Issue 197: How to represent imprecision(E60 Number and E61 Time Primitive)

Starting Date: 
2011-10-05
Working Group: 
3
Status: 
Done
Closing Date: 
2011-11-17
Background: 

Background Posted by Vladimir on 5/10/2011

Very often in the museum domain measurements are imprecise, so dimensions must be expressed as an interval.

1. Imprecise Dimension
E54 Dimension says "The properties of the class E54 Dimension allow for expressing the numerical approximation of the values of an instance of E54 Dimension".
My understanding is that can only happen through: E54 Dimension. P90 has value: E60 Number E60 Number says "... including *intervals* of these values to express *limited precision*".

Regarding time spans, CIDOC CRM allows imprecision to be expressed in two ways:

2. Imprecise Duration
E52 Time-Span. P83 had at least duration. E54 Dimension
E52 Time-Span. P84 had at most duration. E54 Dimension

IMHO this pair of properties is unnecessary, since:
- E54 Dimension already accomodates (or should accommodate) imprecision, see 1
- If we have this pair, then shouldn't we also split P43 has dimension in two (has minimum dimension, has maximum dimension)?
- The pair allows "P91 has unit" of the two Dimensions to differ, which I think is unnecessary 
("between 1 and 2 cm" is used often, but who'd say "between 1 cm and 1 meter"?)

3. Imprecise Start/End As depicted in the CRM Tutorial (online at http://personal.sirma.bg/vladimir/crm-tutorial/#slide27) two properties allow to express the Outer & Inner bounds of a Time-Span:
E52 Time-Span. P81 ongoing throughout: E61 Time Primitive (outer bound) 
E52 Time-Span. P82 at some time within: E61 Time Primitive (inner bound)
Each of the bounds has start/end. This is confirmed by the spec:
E61 Time Primitive says "... interval logic to express *date ranges*"
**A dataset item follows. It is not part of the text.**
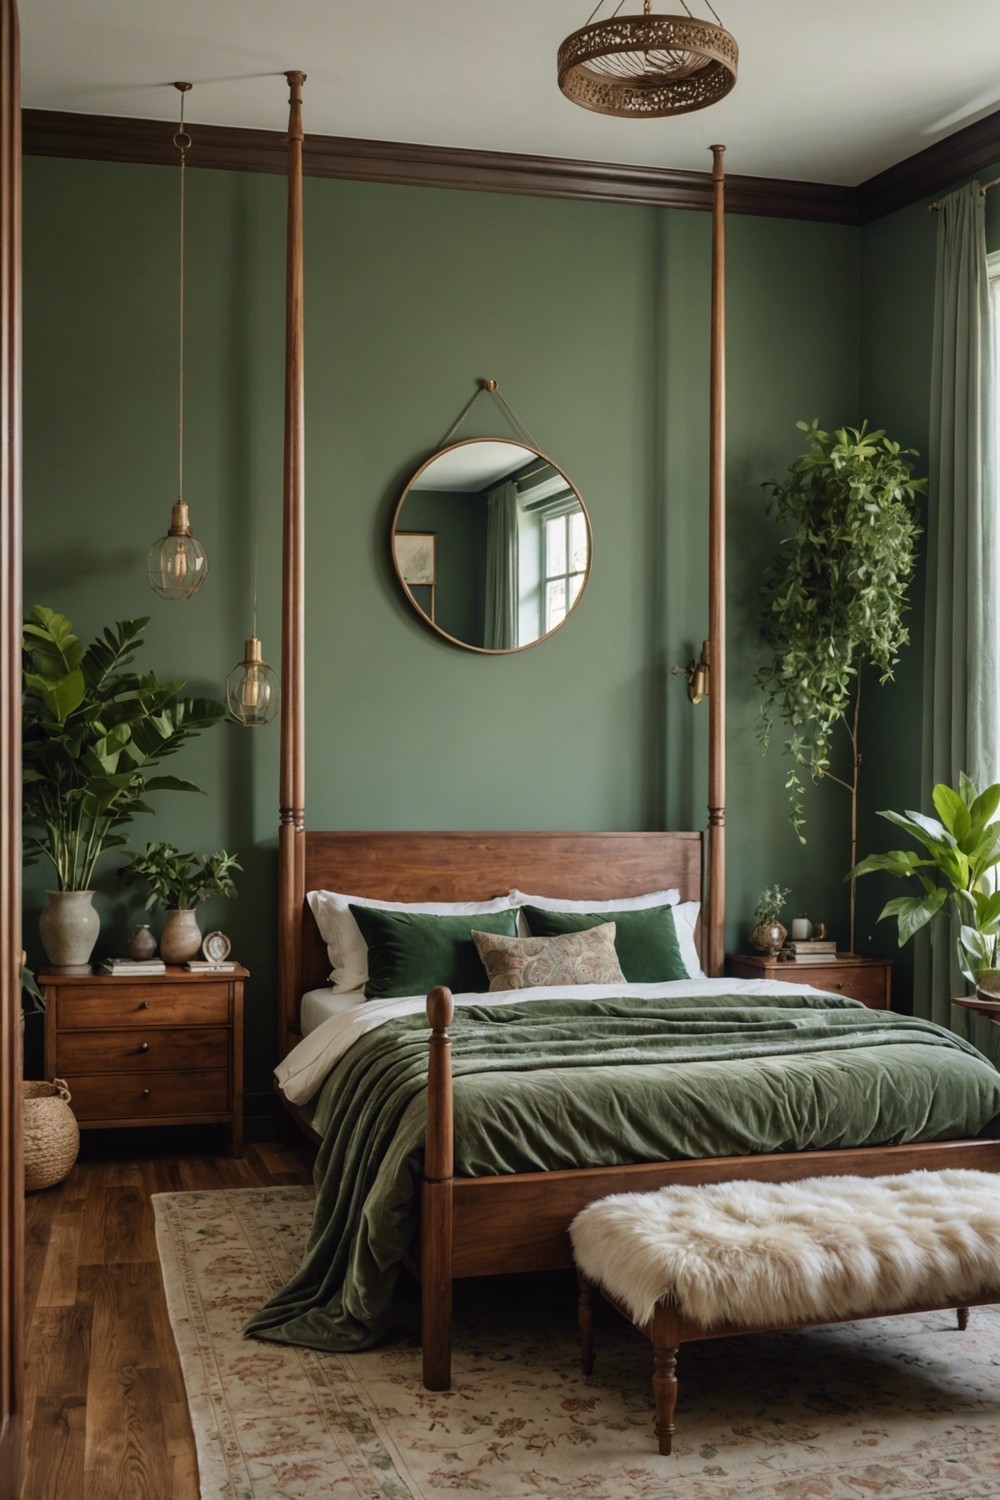 Combine Sage Green with Rich Wood Tones

Let's see what the current RDFS/OWL implementations of CIDOC CRM offer (neither one allows E54 Dimension to express a numerical approximation, i.e.item 1):

4. OWL2 DL proposal
http://bloody-byte.net/rdf/cidoc-crm/core_5.0.1.rdf 
rdf:about="http://purl.org/NET/cidoc-crm/core#P90_has_value"> 
rdf:resource="http://purl.org/NET/cidoc-crm/core#E54_Dimension"/> 
rdf:resource="http://www.w3.org/2000/01/rdf-schema#Literal"/> 
This property allows an E54 Dimension to be approximated by an E60 Number primitive. 
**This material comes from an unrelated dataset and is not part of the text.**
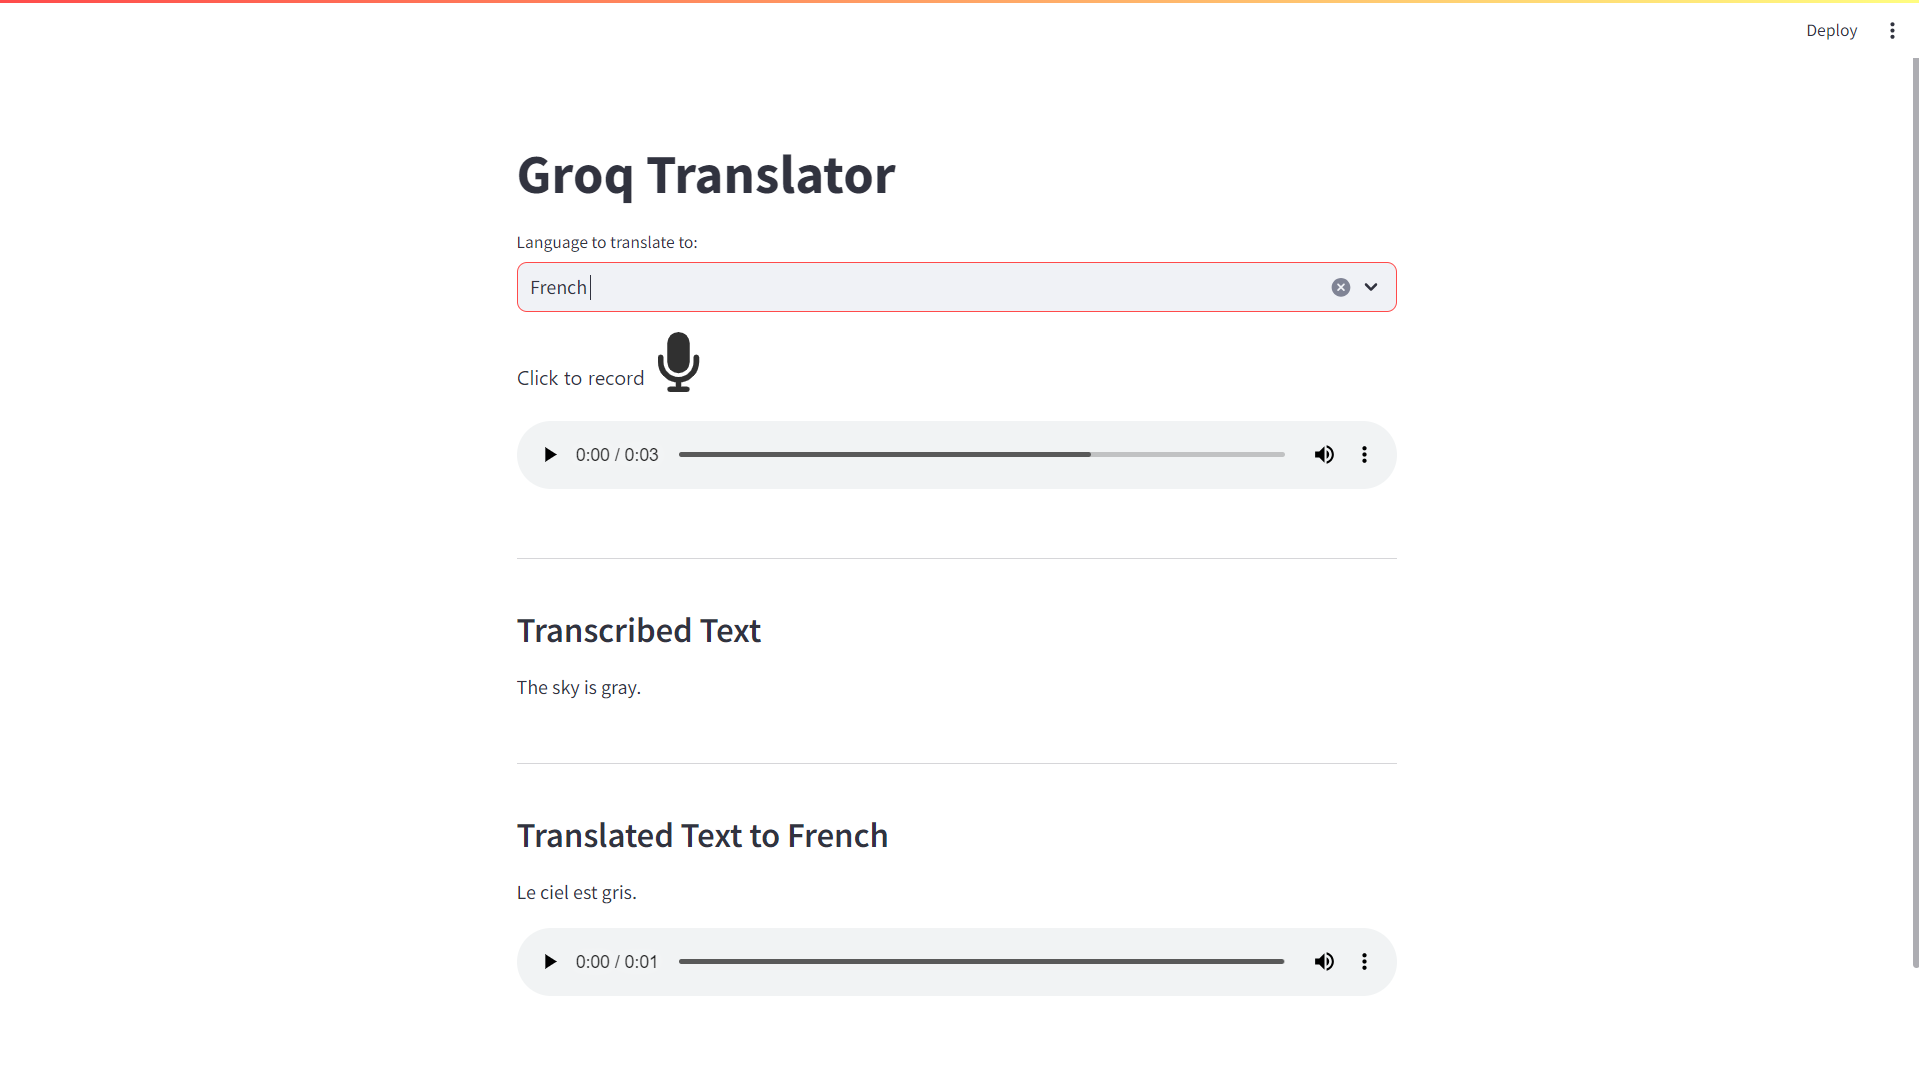 Translating to French

5. OWL DL http://erlangen-crm.org/current P90_has_value is a Data Property 

6. RDFS http://old.cidoc-crm.org/rdfs/cidoc_crm_v5.0.2.rdfs
"The primitive values "E60 Number"... are interpreted as rdf: 
literal.

Seme4 defined a CRM extension for the British Museum (called BMX), see http://crm.rkbexplorer.com. It defines several extension properties (prefix PX):

7. PX.min_value, PX.max_value as subPropertyOf P90F.has_value.
- If you assert e.g. min_value=35 and max_value=45, that would infer *both* has_value=35 and has_value=45, which I think is strange.Instead I'd leave has_value independent, and set it to the average of min_value and max_value using some calculation
- This implements the requirement 1, but is it faithful to CIDOC CRM? 
CIDOC CRM says the imprecision should be captured in the domain of P90.has_value, not through parallel properties

8. PX.time-span_earliest, PX.time-span_latest as properties of E52.Time-Span.
- (Actually these are defined merely as rdf:Property and don't specify the domain and range).
- these properties are superfluous, given P81 ongoing throughout and P82 at some time within
- they don't allow to capture outer & inner bound, as per 3
- they are unrelated to CIDOC CRM properties, so the extension is not CRM Compatible.
A compatibility condition from the CRM Intro is:
"all properties of the extension are either subsumed by CRM properties, or are part of a path for which a CRM property is a shortcut"
See online here:
http://personal.sirma.bg/vladimir/crm/introduction.html#extensions 
CIDOC CRM leaves an important question (imprecise dimensions) unspecified, hidden in the scope notes of primitives E60 Number and E61 Time Primitive.
This shouldn't be dismissed as "mere RDF implemenattion issue" since it is important for practical CRM interoperability.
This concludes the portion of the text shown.